So far, Johns reports, that entails a new diet and workout program, hot yoga sessions and blood testing. “I just think there’s more I can do,” Paxton said. “I haven’t done the blood testing before. Finding out if there’s something I don’t know about myself. It’s just about learning and trying to find what works for me.”

When healthy, the 28-year-old southpaw was lights-out for the Mariners. He helped stabilize the front end of the rotation with a 12-5 record in 24 starts and supplemented his efforts with a 2.98 ERA, 2.4 BB/9 and 10.3 SO/9 through 136 innings.
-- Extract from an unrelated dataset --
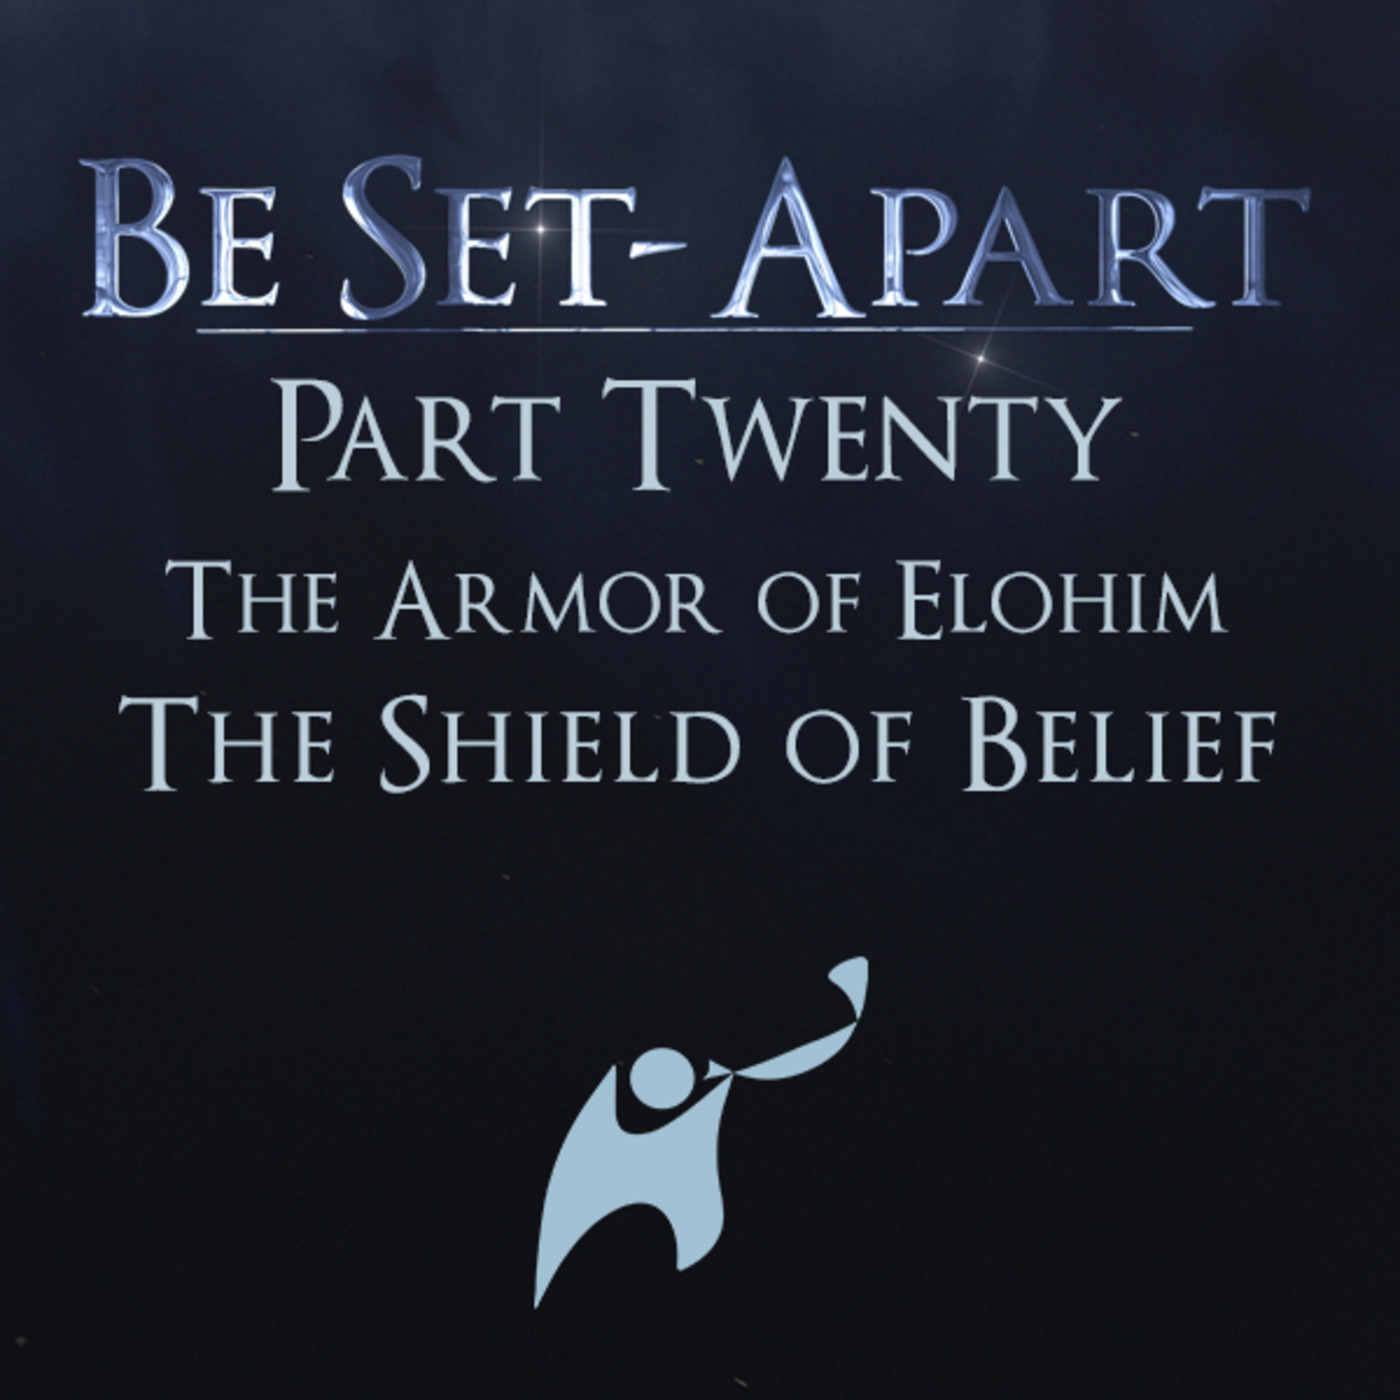 Episode 811: Be Set-Apart | Part Twenty | The Armor of Elohim | The Shield of Belief

Despite taking multiple trips to the disabled list, he built up 4.6 fWAR — the most wins above replacement he’s compiled in any season of his career to date. Had he not been felled by a pectoral injury in mid-August — one that came with a five-week trip to the disabled list — the club might have been been able to make a bigger push for the playoffs.

Of course, even if Paxton manages to stay healthy next season, the Mariners still have the rest of the rotation to worry about. They cycled through 17 starters in 2017 and tied the 2014 Rangers with 40 total pitchers over the course of the season. Per GM Jerry Dipoto, their top four starters (Paxton, Hernandez, Iwakuma, and Tommy John candidate Drew Smyly) only contributed 17% of total innings pitched, just a tad below the 40% average. Finding adequate big league arms and compensating for injured aces (both current and former) will be tough. Still, getting a healthy, dominant Paxton back on the mound for 30+ starts would be a huge get for the team — whether or not the postseason is in their future next year.